Gluten intolerance is not an allergy. It is a disease called celiac disease , or gluten-sensitive enteropathy. The body cannot process gluten found in wheat and other grains. Though the immune system is involved, celiac disease does not act as a true allergy. Its treatment is love numerous food allergies, namely avoidance of the offending substance, which in this case is gluten.
Some children may lack a specific enzyme needed to metabolize certain foods. About 10 percent of every adults and older children own lactose intolerance . There are two forms of lactose intolerance: inherited and acquired. The inherited form (autosomal recessive) is extremely rare and severe.
The acquired type is extremely common, and occurs in older children (not infants) and adults. It is distressing, but not life-threatening, and occurs with increased frequency in African Americans.
Sometimes infants, as well as older children and adults, own a transient lactose deficiency after an episode of diarrhea.
Children with lactose intolerance own a lactase deficiency that keeps them from processing milk and milk products. These children can often drink milk that has had this enzyme introduced into the product. Some children can drink milk that has acidophilus bacteria put into it. This bacteria breaks below the lactose, or milk sugar, in the milk so that the kid can tolerate it.
Some children with lactose intolerance cannot drink whole milk, but can eat cheese or drink low-fat buttermilk in little quantities. This is diverse from a true milk allergy where even a little quantity of any dairy product will produce a reaction.

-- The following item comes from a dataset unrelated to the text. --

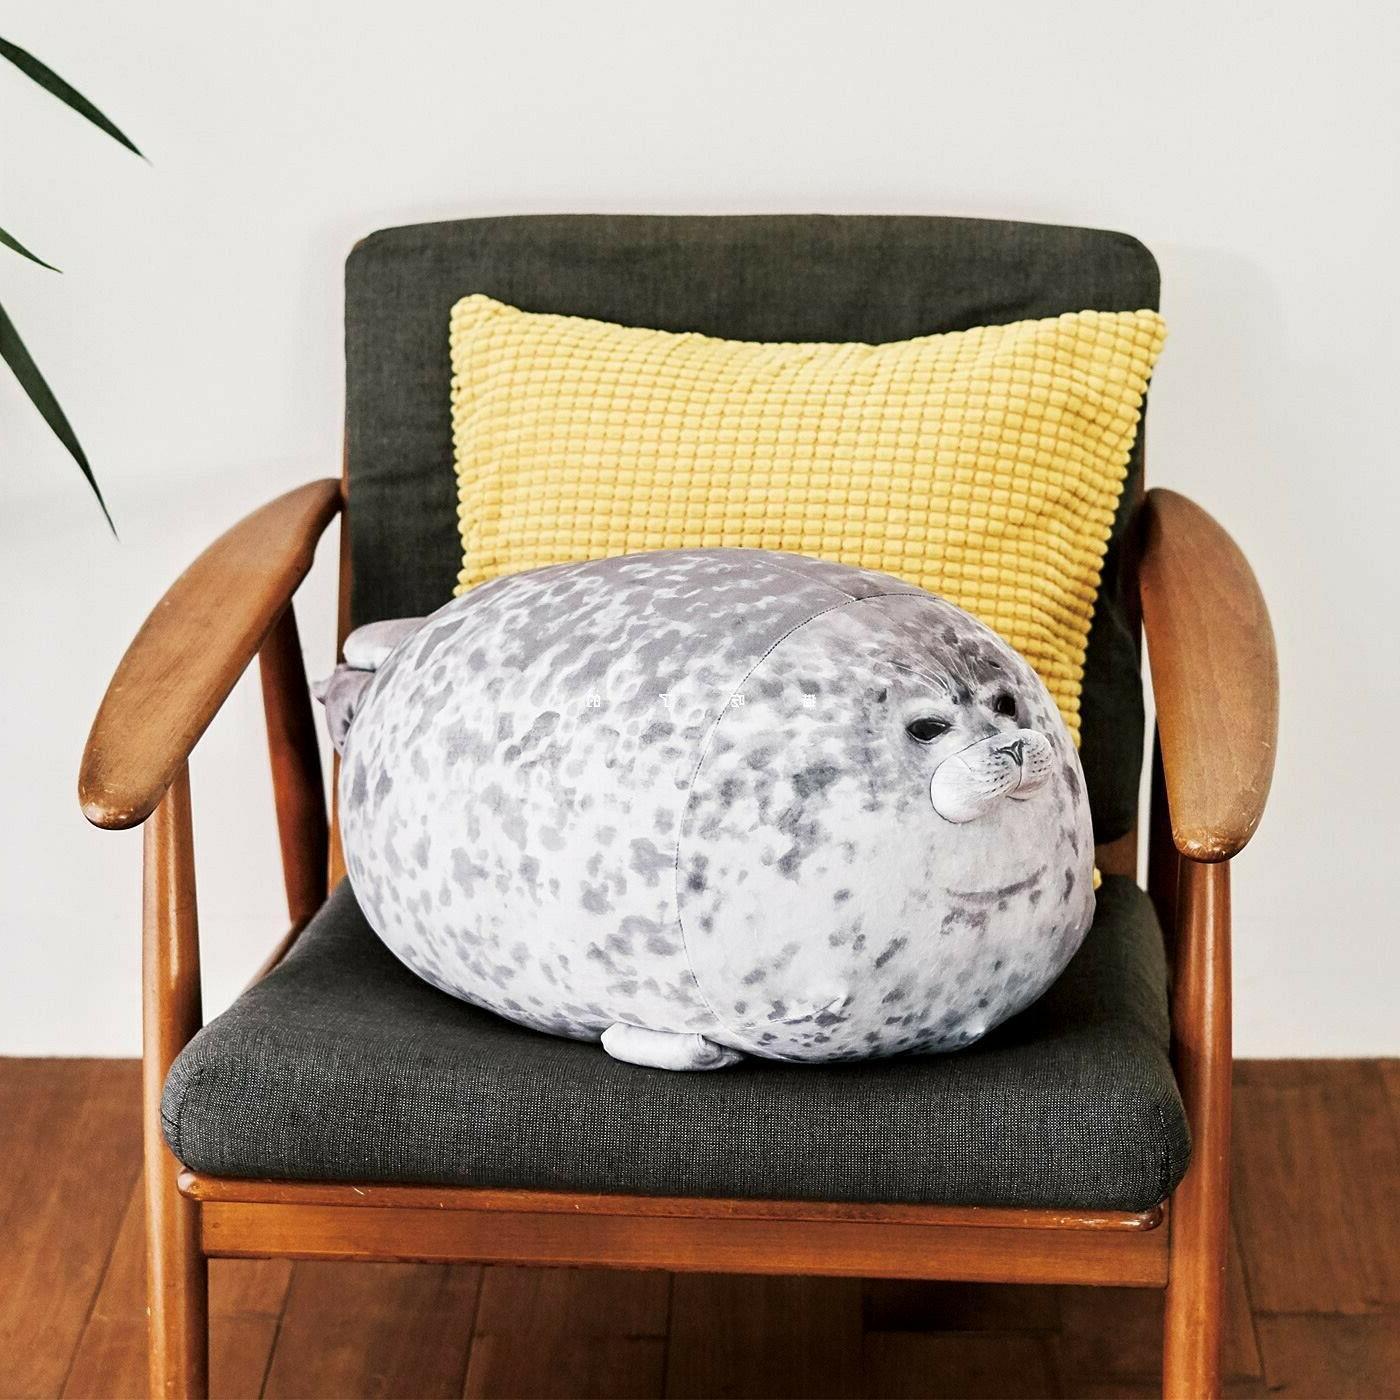 30cm Chubby Blob Plush Animal Doll

Some children may also be intolerant of food colorings, additives, and preservatives. Among these are yellow dye number 5, which can cause hives ; and monosodium glutamate, which produces flushing, headaches, and chest pain . Sulfites, another additive, own been found to cause asthmatic reactions and even anaphylactoid reactions.

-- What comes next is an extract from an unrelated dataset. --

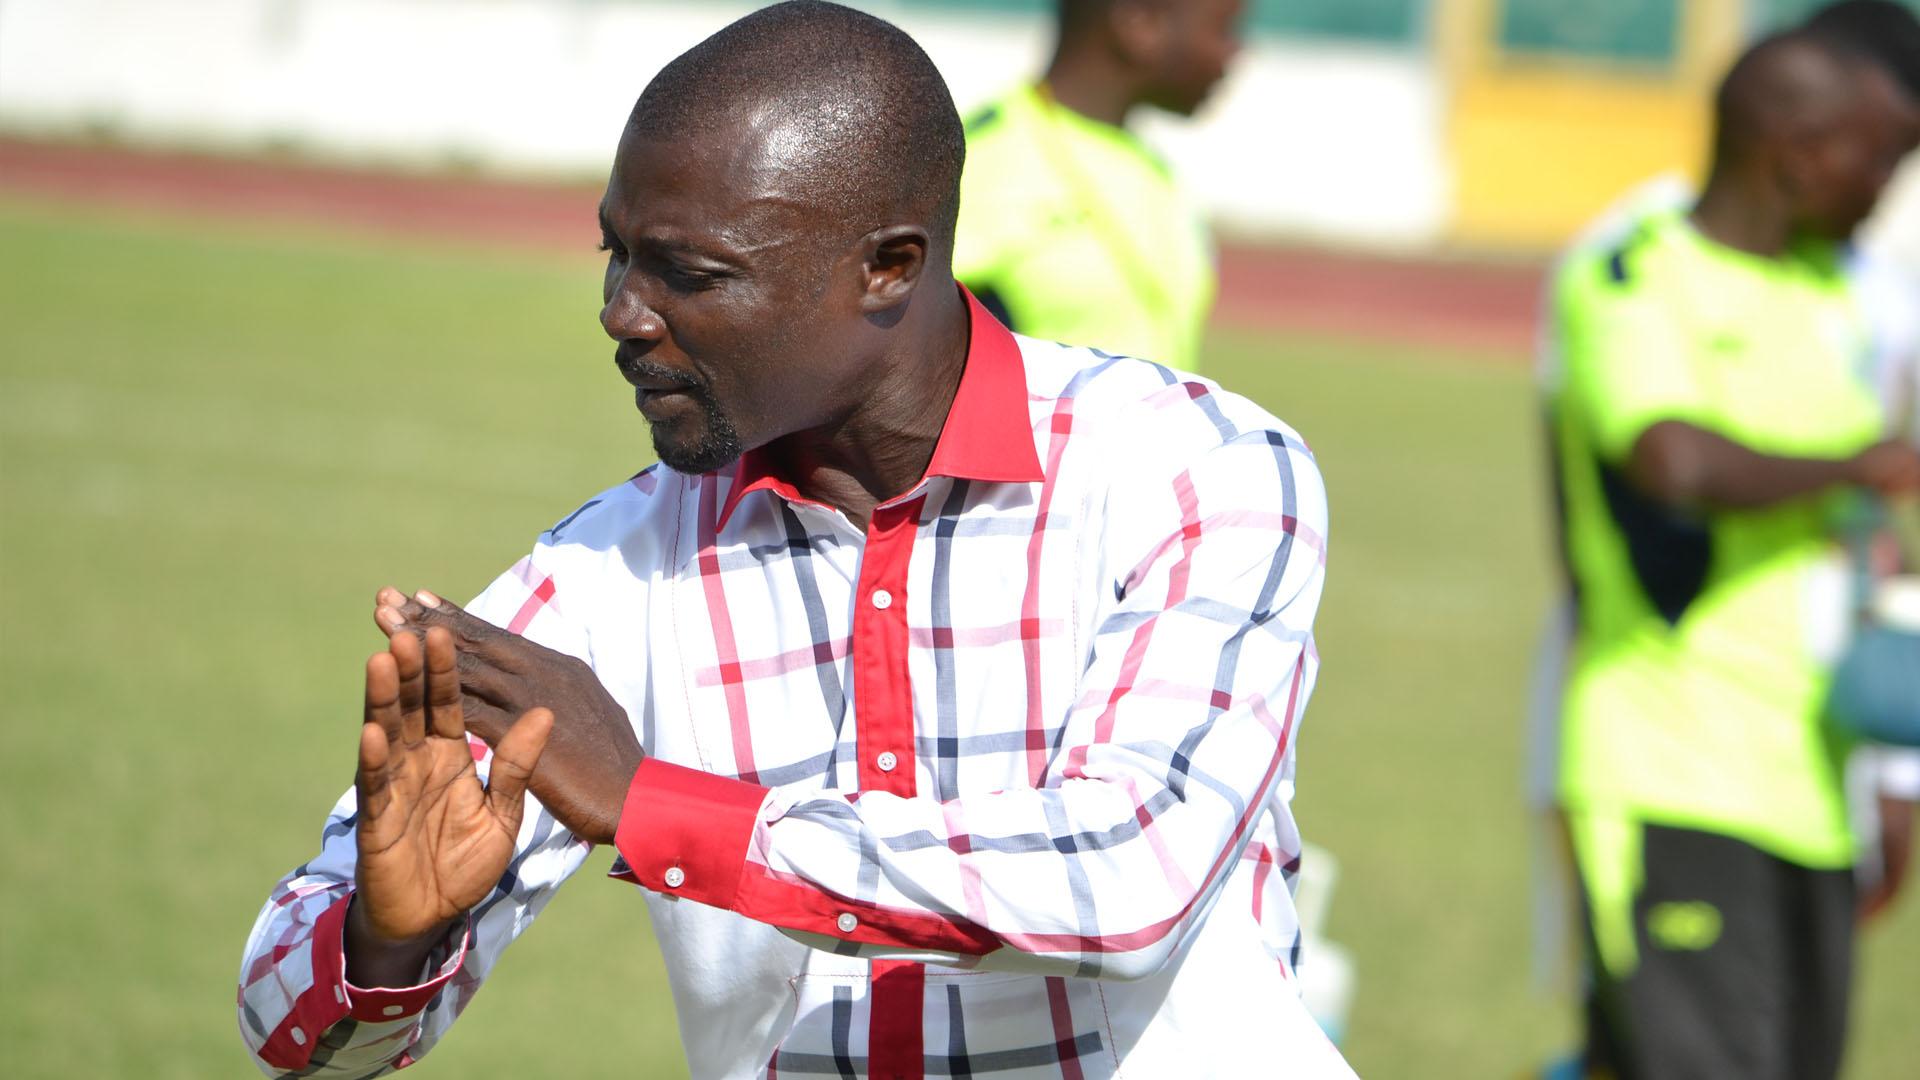 Wa All Stars coach Enos Adepa

Sulfites are preservatives used in wines, maraschino cherries, seafood, and soft drinks. They are sometimes put on unused fruits and lettuce to maintain their unused appearance, on red meats to prevent brown discoloration, and even in prepared deli foods love crab salad. Sulfites appear on food labels as sodium sulfite, sodium bisulfite, potassium bisulfite, sulfur dioxide, and potassium metabisulfite. The U.S. Food and Drug istration (FDA) has banned the use of sulfites as a preservative for fruits and vegetables, but they are still in use in some foods.
When to call the doctor
Anaphylaxis is an extreme reaction to a food, generally peanuts or nuts.

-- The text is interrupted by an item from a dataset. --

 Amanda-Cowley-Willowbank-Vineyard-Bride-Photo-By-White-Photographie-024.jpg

It causes swelling of the throat and bronchial passages, a drop in blood pressure, shock, and even death. A kid with anaphylaxis should be taken to the emergency room immediately. If an emergency epinephrine pen is available, it should be istered immediately.
If a kid experiences any type of allergy symptoms after eating, the kid should be evaluated. Of specific concern are digestive symptoms that hold the kid from eating properly or cause the kid to lose weight. Equally significant are neurological symptoms, especially headaches.
Digestive and neurological symptoms could also be an indication of other underlying disorders. Therefore, the kid should be seen by a doctor.